Rogelio Malco, 3ºB ( I )
En el piso de al lado, una pareja de artistas y su hija se había instalado hacía cosa de dos semanas. Malco pensaba que eran de ese tipo de gente que apoda “arte” a cualquier obra plástica y que además, tenían la desfachatez de anudar sus cuellos con bohemios pañuelos, usando términos en francés de manera forzadamente casual e imprevista.Pero el problema no eran los padres, sino la garrapata de su hija. Era una de esas niñas adolescentes cuyo máximo sueño se elevaba al infierno de los reality show, sin saber que los psicólogos se frotan las manos a la salida. La chica no cantaba, más bien gritaba. Su timbre de voz producía una sensación parecida a la de unas uñas en una pizarra; o a la de un micrófono acoplado; o al sonar de un despertador por la mañana. Siempre a las misma horas, de cuatro a ocho, el tiempo de la siesta de Malco.
Porque a una persona, hay tres cosas que no le puedes hacer: quitarle el plato cuando aún no ha terminado de comer, apagarle la televisión cuando su equipo va a meter un gol o fastidiarle una dulce y gratificante siesta vespertina. Y aquella pequeña bruja llevaba dos semanas tachando el último punto, versionando canciones de Camela, Bustamante o Mónica Naranjo, entre otros.

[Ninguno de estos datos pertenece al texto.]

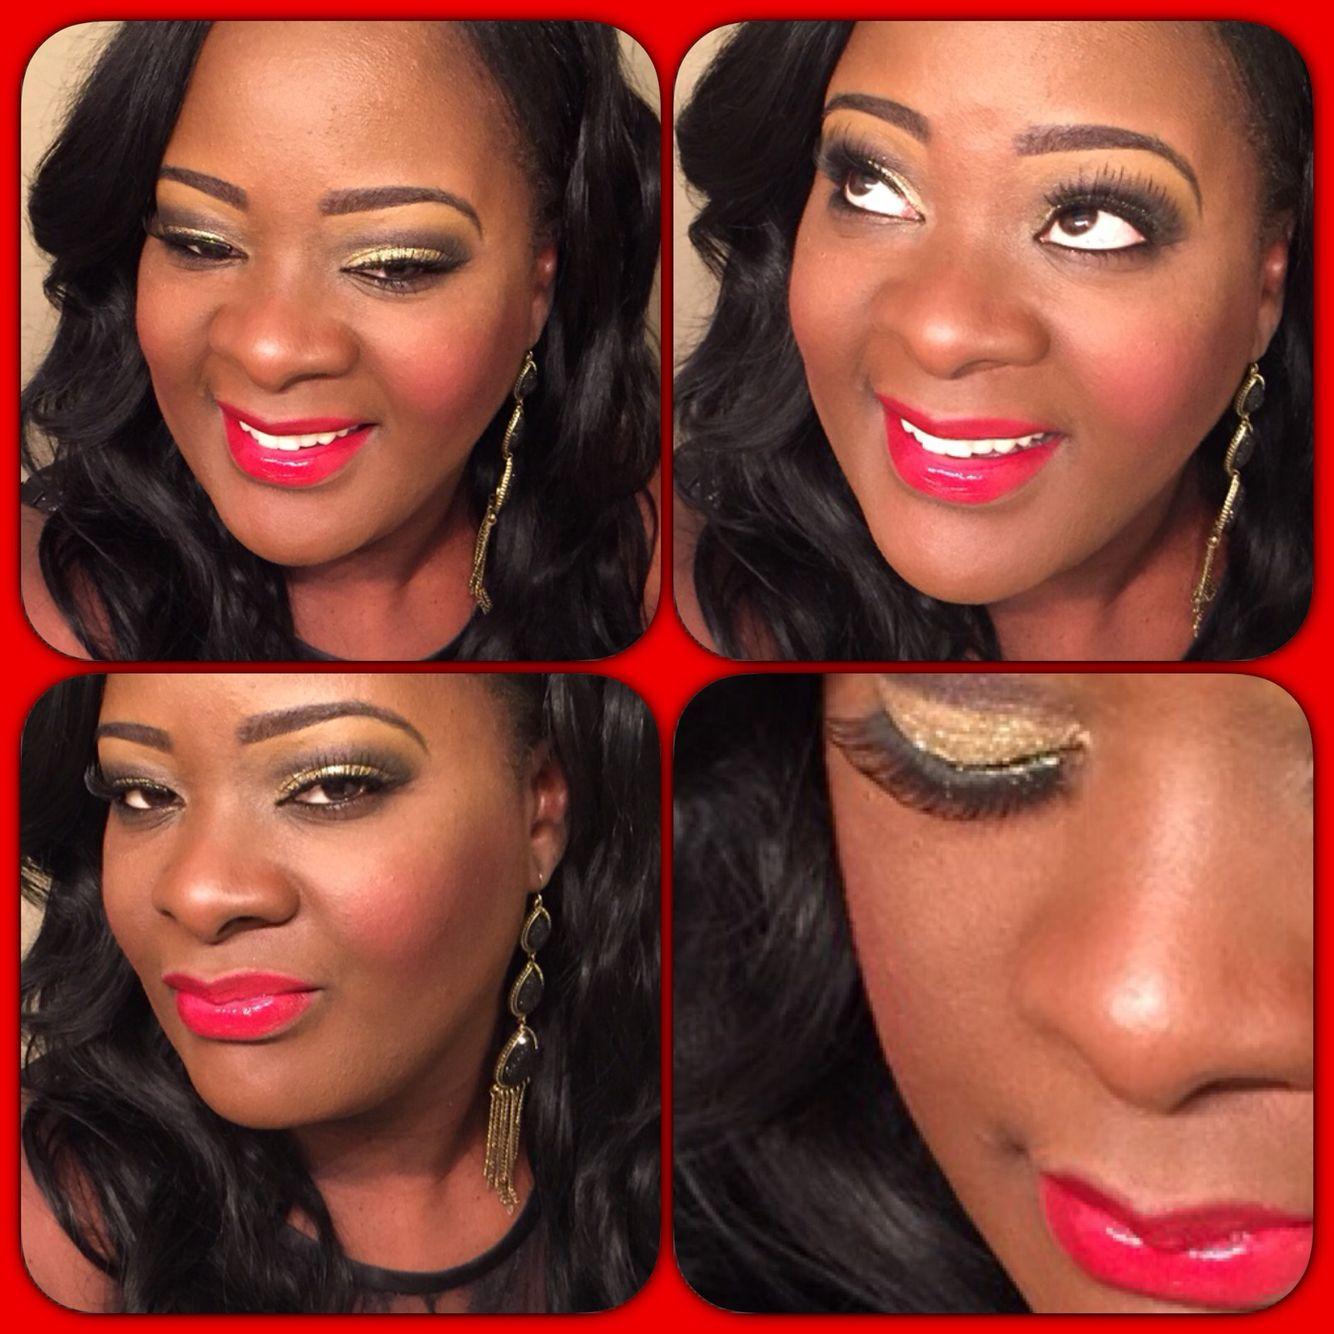 Evening Makeup Gold Glitter Eyeshadow And Red Lipstick Makeup
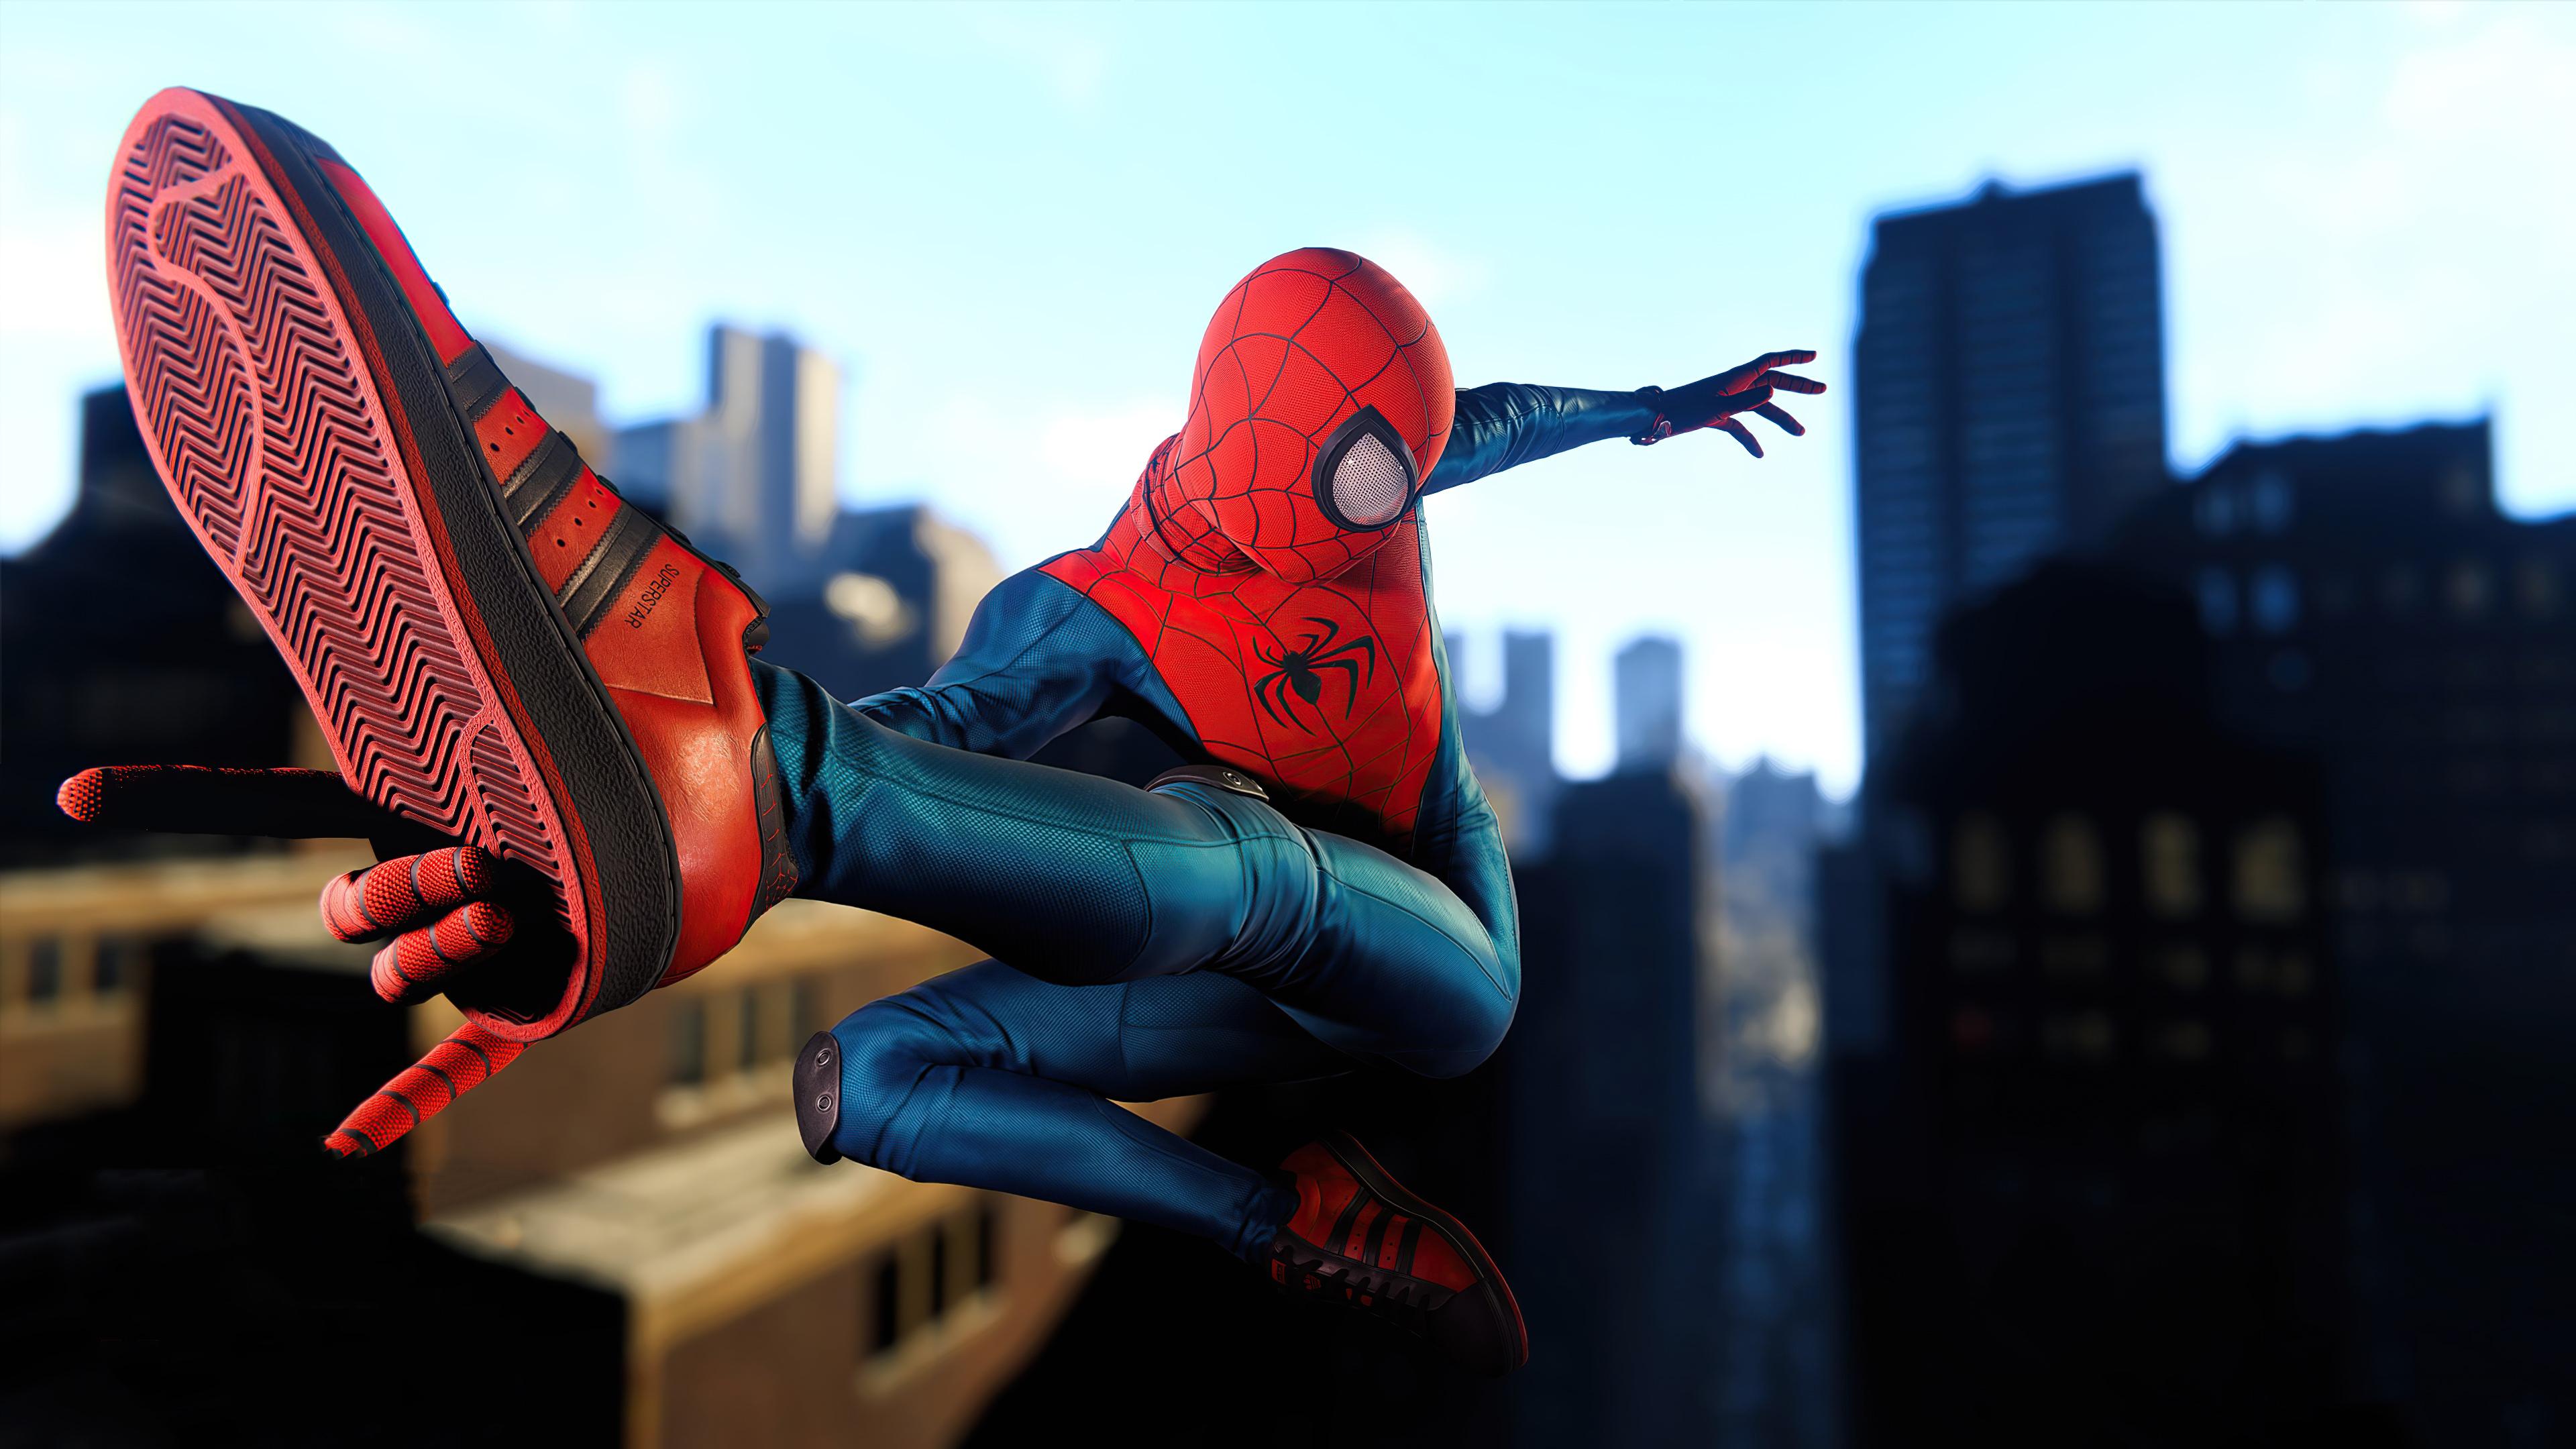 spiderman-miles-morales-2021-4k-jc.jpg

Malco se encontraba oficialmente parado, después de que lo despidieran de su trabajo como celador en un hospital por organizar carreras clandestinas con las camas de los enfermos. Así que una mañana de tantas, se le vino a la cabeza una dulce venganza que acabaría con su tremendo y complicado problema. Todo estaba planificado.
A la mañana siguiente, se puso el chándal y cogió un pasamontañas que guardaba desde pequeño en el cajón de abajo de un mueble robado. Le quedaba un poco prieto, pero entraba. Iba a atracar el “Media shop”, que aunque intentaba parecer moderno por el nombre, era una birria de establecimiento fácil de desvalijar, situado pocas manzanas más allá de su casa. En quince minutos se plantó allí.
Con Napoleón bajo el brazo derecho y ladrando sin parar, Rogelio irrumpió en la tienda intimidando al dueño:
– ¡Vamos, tío, tengo prisa! ¡Que estoy muy loco y mi perro muerde que te cagas! ¡Dame todos los cacharros de música que tengas por allí!
– ¡Tranquilo! ¡Te doy lo que quieras! ¡Pero dile al perro que se calme!
– ¡Él también está muy loco, mételo todo en la bolsa tío!
– Pero… un momento ¿no fuiste tú el que se llevó un masajeador la semana pasada?
– Eh… ¡venga, tío, déjate de sermones, yo me largo!
Y abandonando la tienda con un carro, una cadena de música, unos altavoces, y un home cinema como preciado botín, Malco se marchó de vuelta a casa, ya con Napoleón un poco más calmado.
Al llegar al piso, enano, sucio y destartalado como siempre, lo primero que hizo fue instalar todos y cada uno de los objetos sustraídos, no sin antes sufrir en su cuerpo la pactada alianza entre unos enchufes que florecían fuera de sus nidos y una elevada corriente eléctrica ruin y traicionera.
Tras estar completamente recuperado, puso todos los aparatos y altavoces enfocados en una sola dirección: el tabique contiguo a la casa de la soprano. En total, 550 vatios de orgullo y desquite.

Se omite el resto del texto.